*DATA IN THIS EXERCISE*
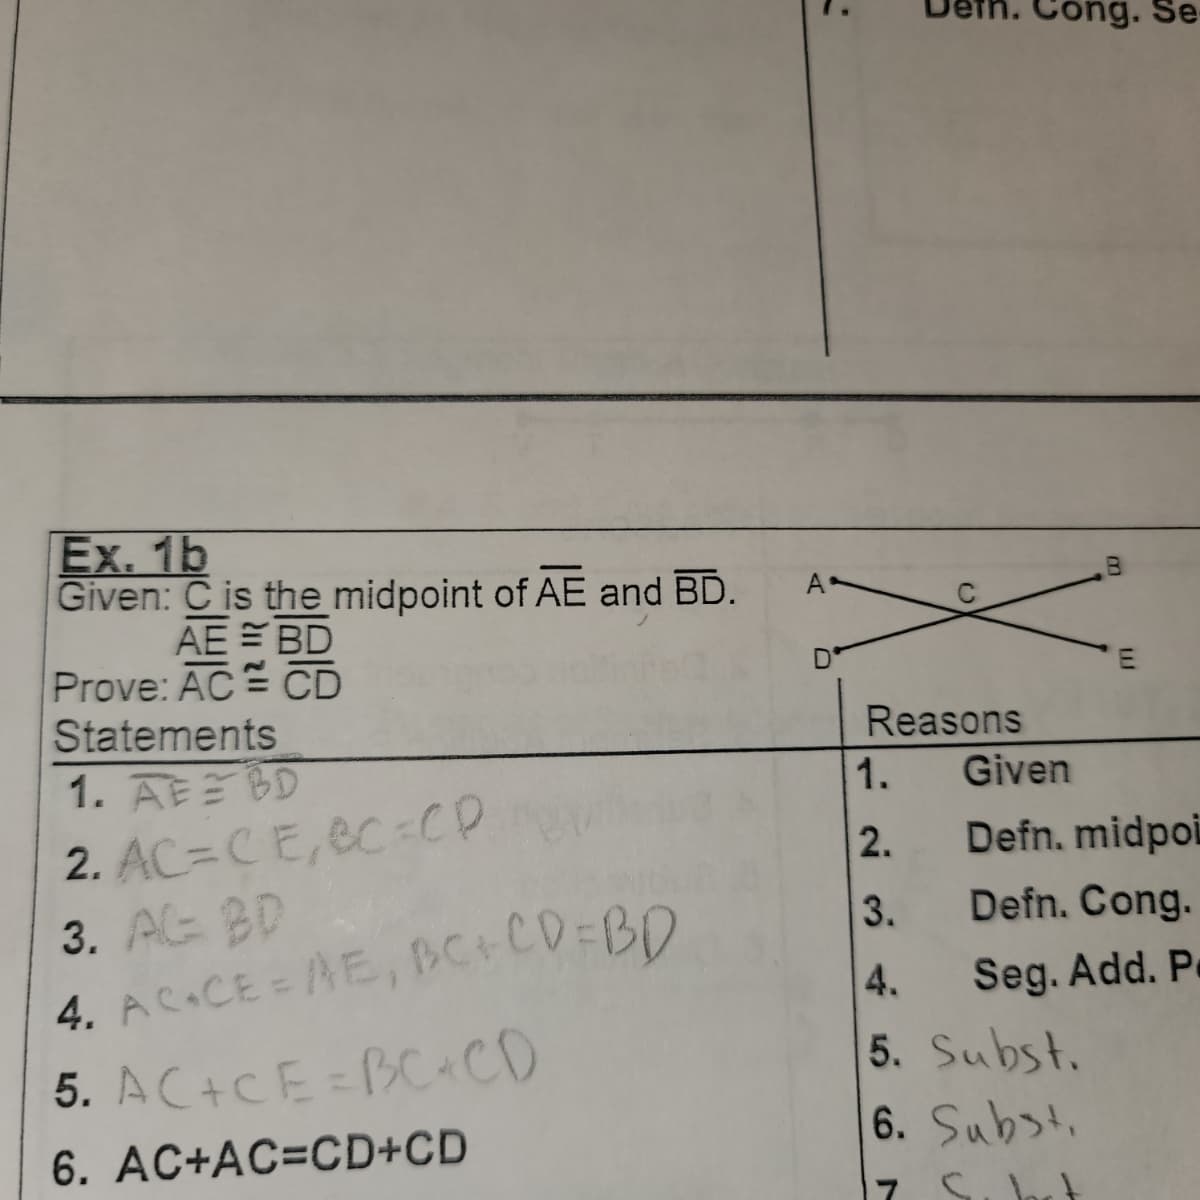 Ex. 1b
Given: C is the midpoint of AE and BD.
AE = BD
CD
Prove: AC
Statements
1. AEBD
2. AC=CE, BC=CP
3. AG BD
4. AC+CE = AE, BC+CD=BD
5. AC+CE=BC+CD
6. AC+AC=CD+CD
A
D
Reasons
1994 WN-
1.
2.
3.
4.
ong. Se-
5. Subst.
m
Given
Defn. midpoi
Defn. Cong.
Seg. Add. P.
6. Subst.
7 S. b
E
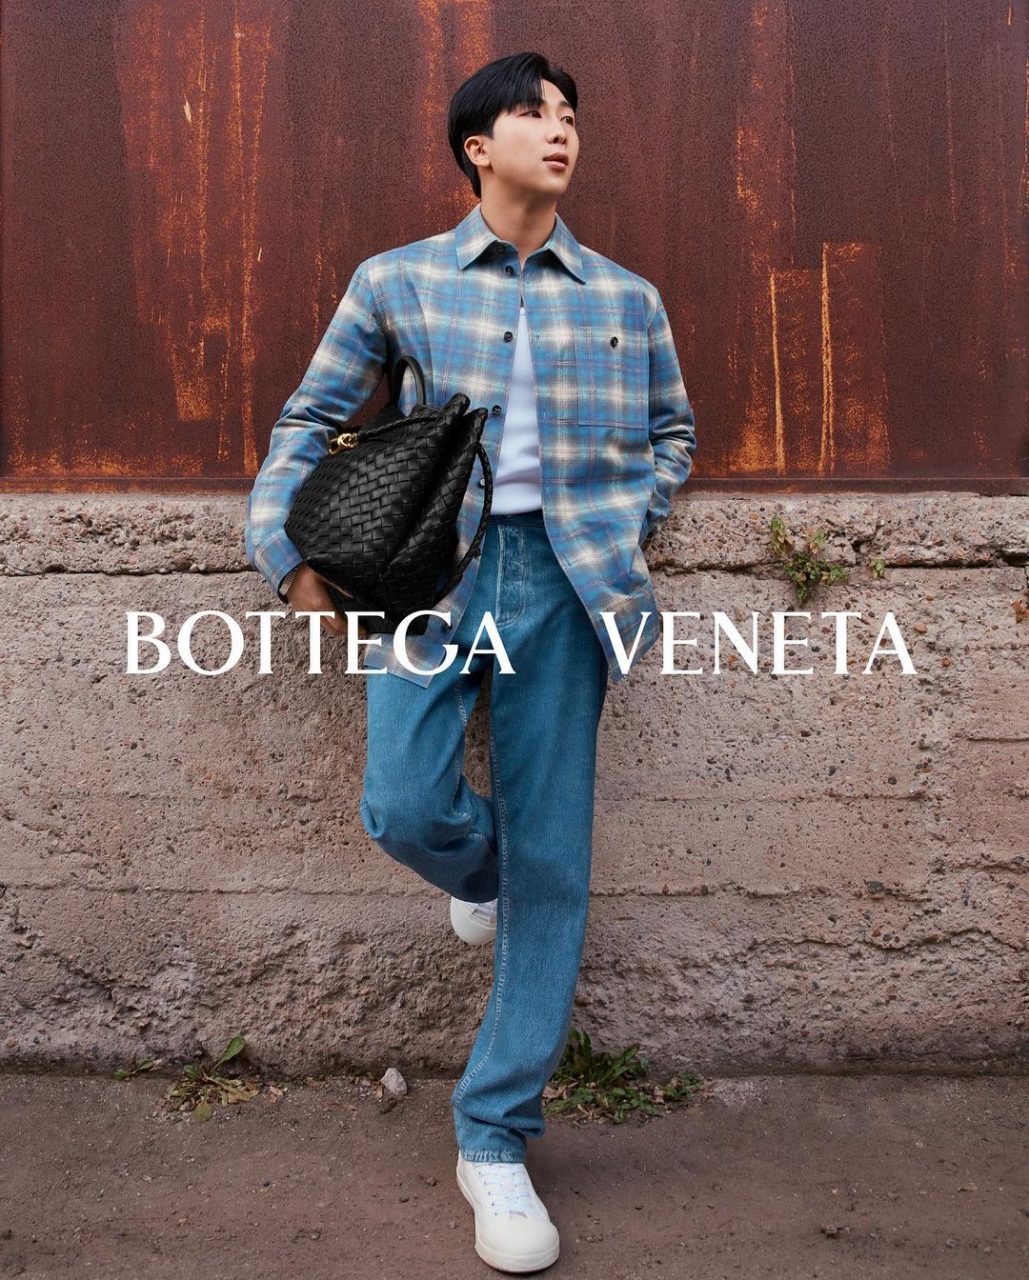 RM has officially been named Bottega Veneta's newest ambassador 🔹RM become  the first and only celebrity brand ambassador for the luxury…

--

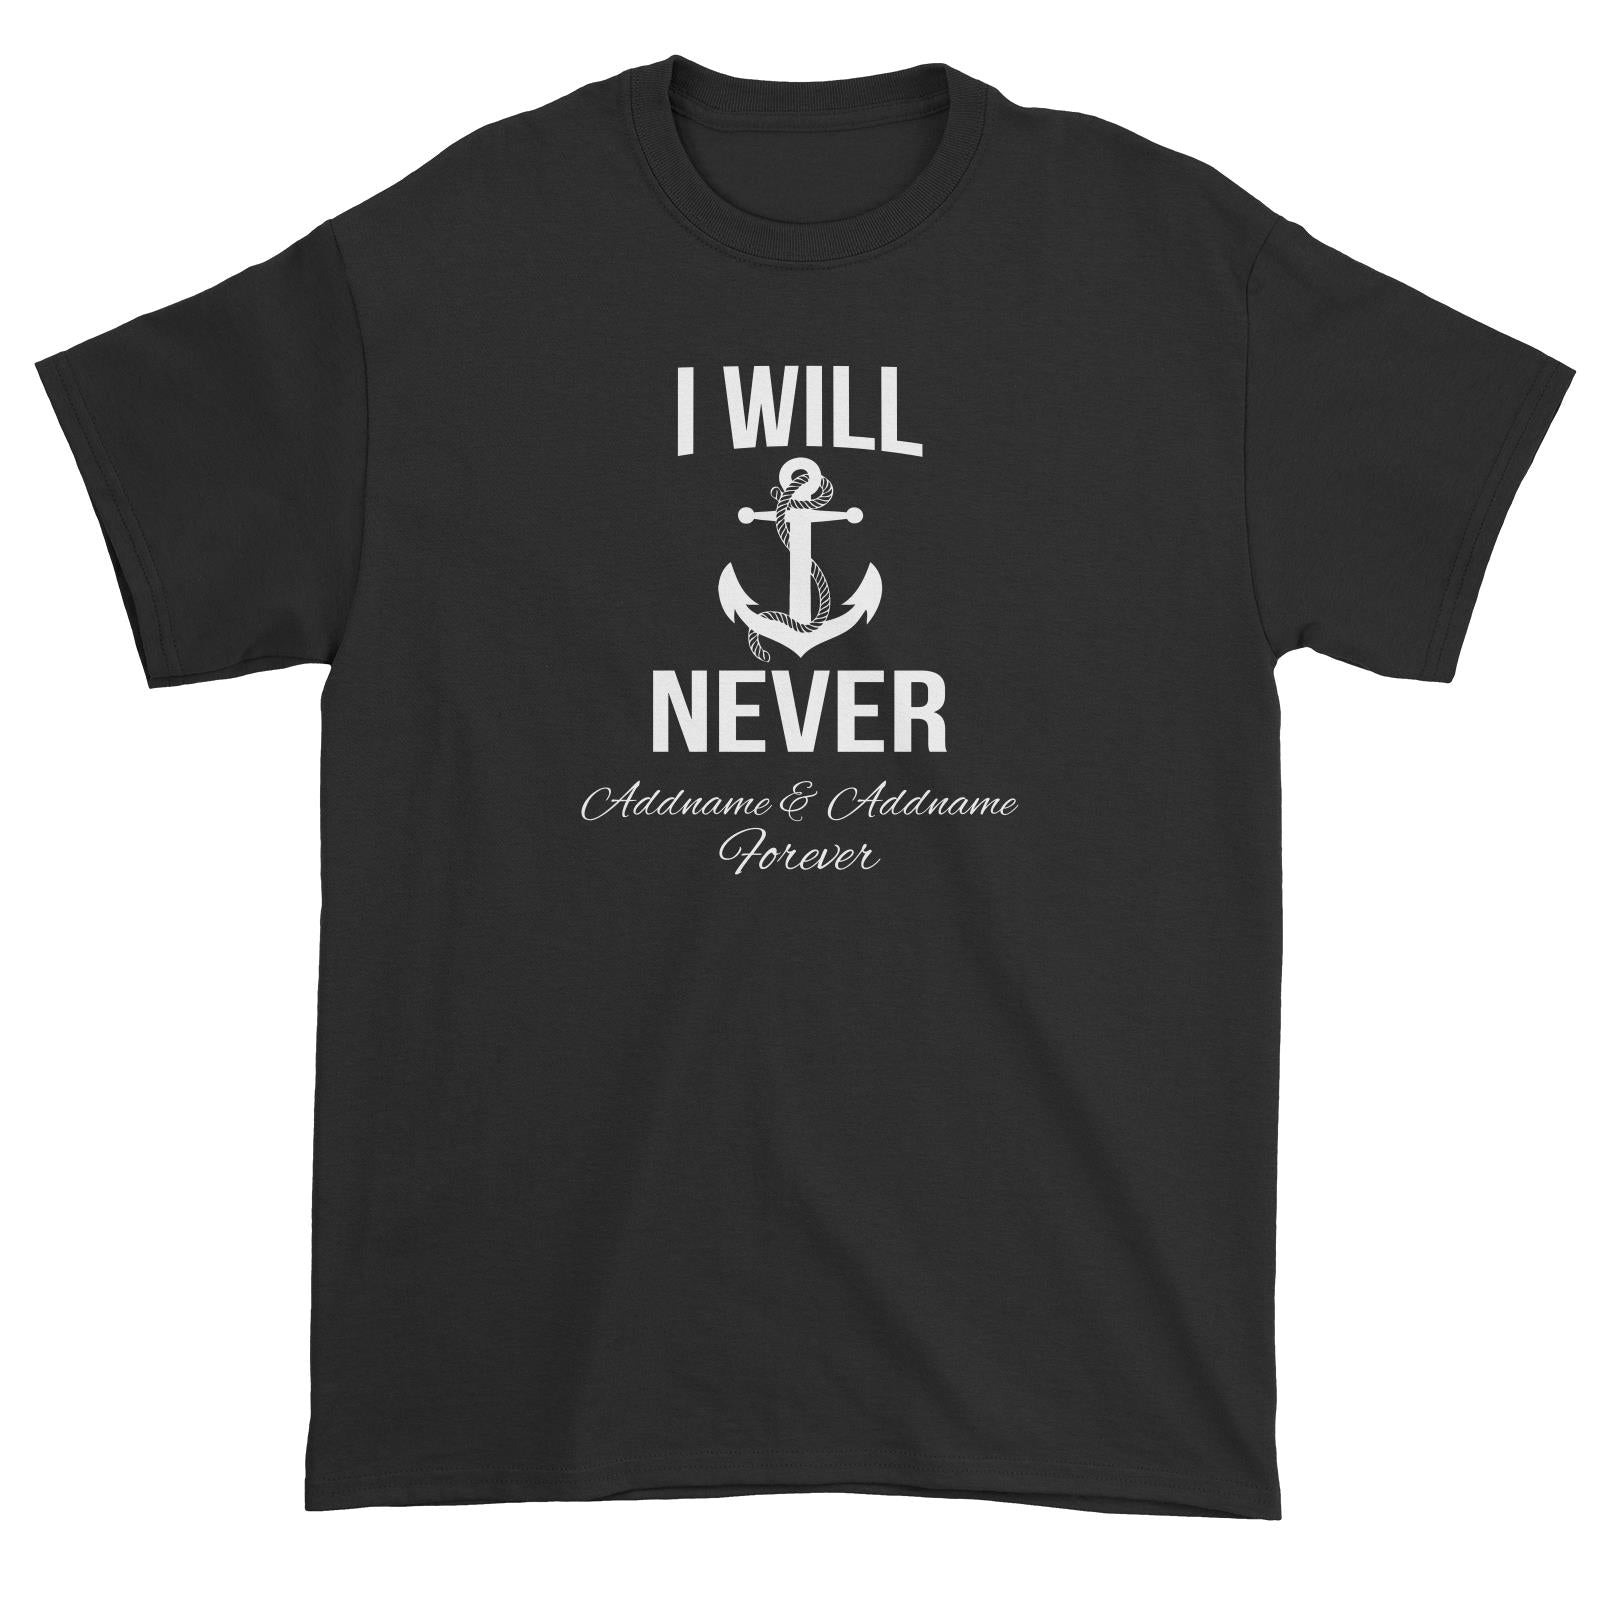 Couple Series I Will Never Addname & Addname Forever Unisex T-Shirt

*WORK ITEM*
Pull out every line above that holds the word "Given".

*TASK OUTPUT*
Given: C is the midpoint of AE and BD.
Given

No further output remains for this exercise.